The rapid progress of detectors SPAD array detectors and the ever-evolving demands of research goals have motivated us to develop an open-source, low-cost, versatile, multi-channels time-tagging module (TTM) based on a FPGA (Field-Programmable Gate Array). The TTM is capable of simultaneously tagging multiple single-photon events with a precision of 30 ps, as well as multiple synchronization events with a precision of 4 ns.
The TTM is a slave device that can be easily connected to LSM microscope equipped with SPAD array detector, enabling to perform live-cell super-resolved fluorescence lifetime image scanning microscopy and fluorescence lifetime fluctuation spectroscopy.

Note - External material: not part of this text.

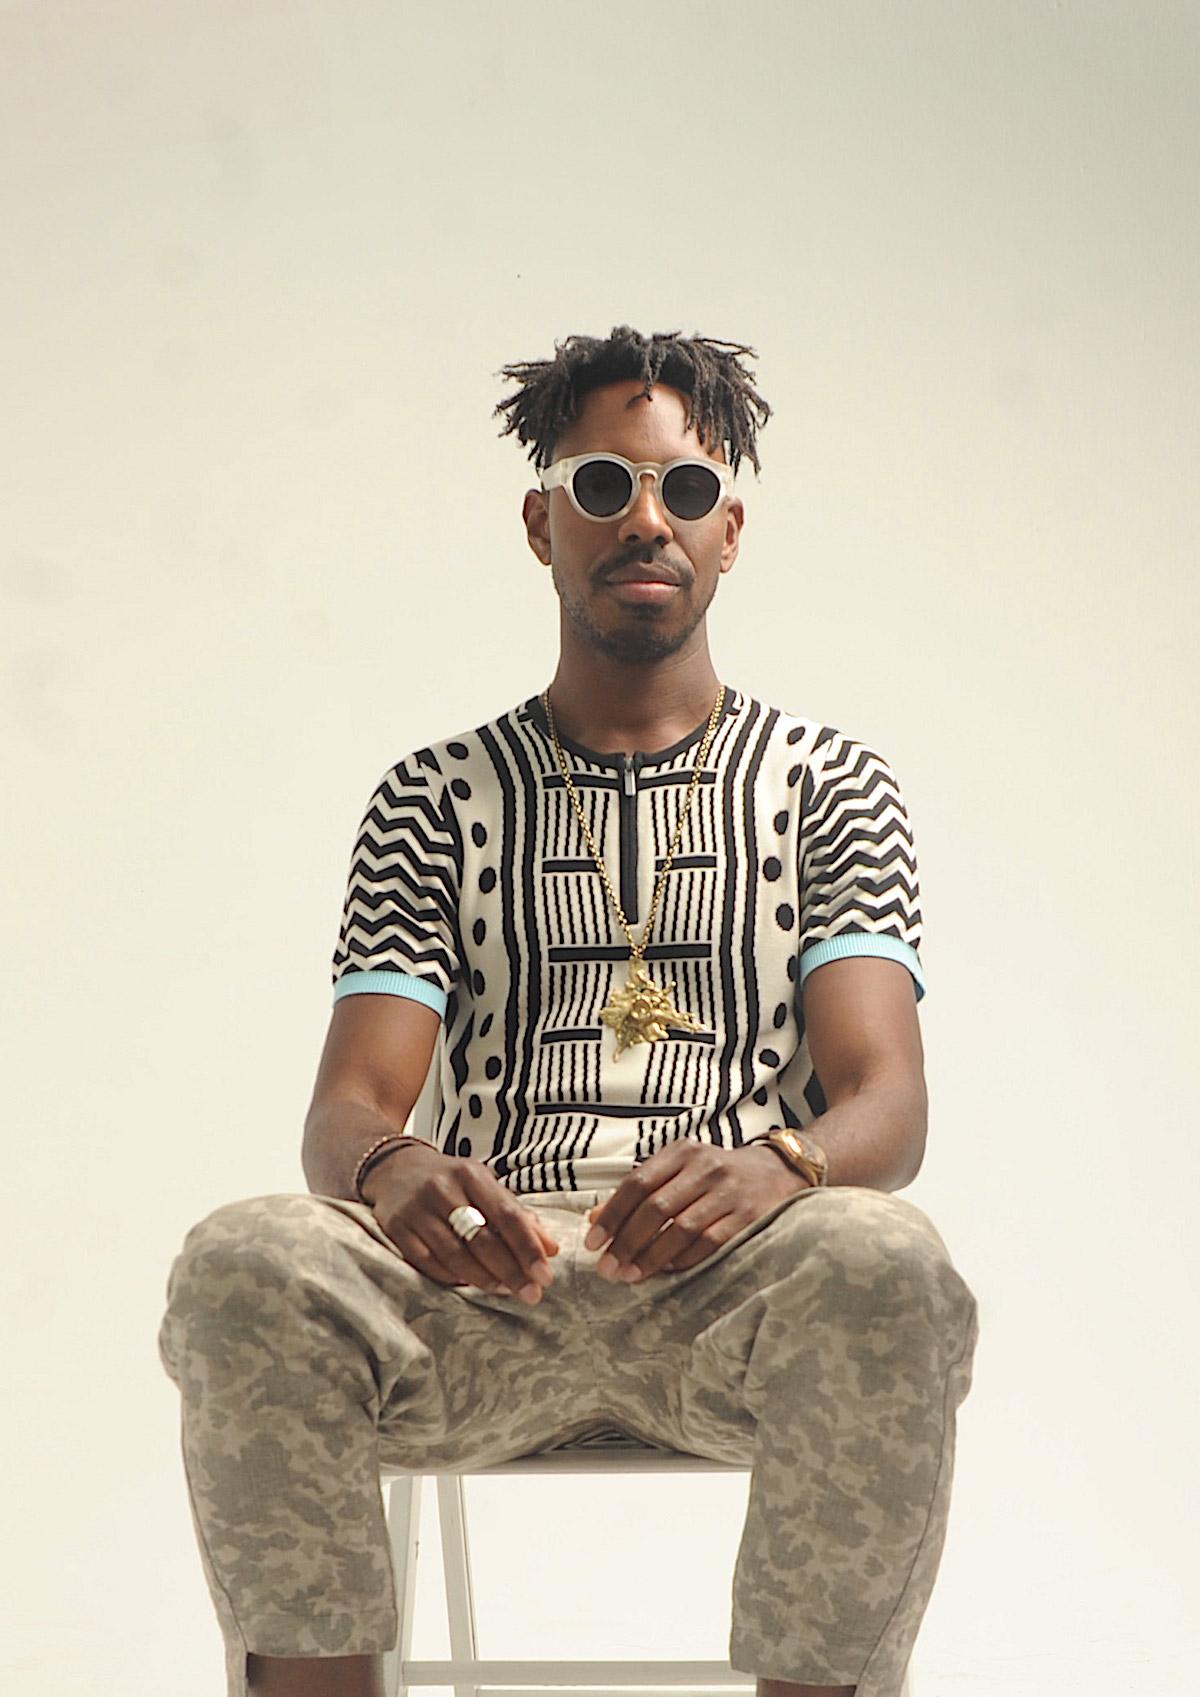 Shabaka Hutchings, Sons of Kemet, Shabaka and the Ancestors, The Brother Moves On, African Jazz, African Musicians, African Art, KOLUMN Magazine, KOLUMN

Implemented on a commercial Xilinx Kintex-7 FPGA evaluation board, the TTM is an FPGA project developed using VHDL/Verilog. With its user-friendly approach, the pre-compiled firmware can be effortlessly uploaded by users onto the FPGA. The TTM seamlessly streams data through the USB 3.0 port. At the same time as the source code is available, experts can modify it and adapt it to the own needs. Furthermore, the TTM offers a framework of software for data acquisition and a set of Python library for data analysis.
The BrightEyes-TTM is part of the open-source suite, which was born as an offshoot of the BrightEyes project founded by the ERC in 2018. This suite also includes the Microscope Control System (MCS), a Python/NIFPGA-based microscope control system, and a comprehensive Python library for advanced data analysis in Image Scanning Microscopy (ISM).
We are confident that the introduction of the BrightEyes-TTM can support the microscopy community in promoting the adoption of SP-LSM in life science laboratories.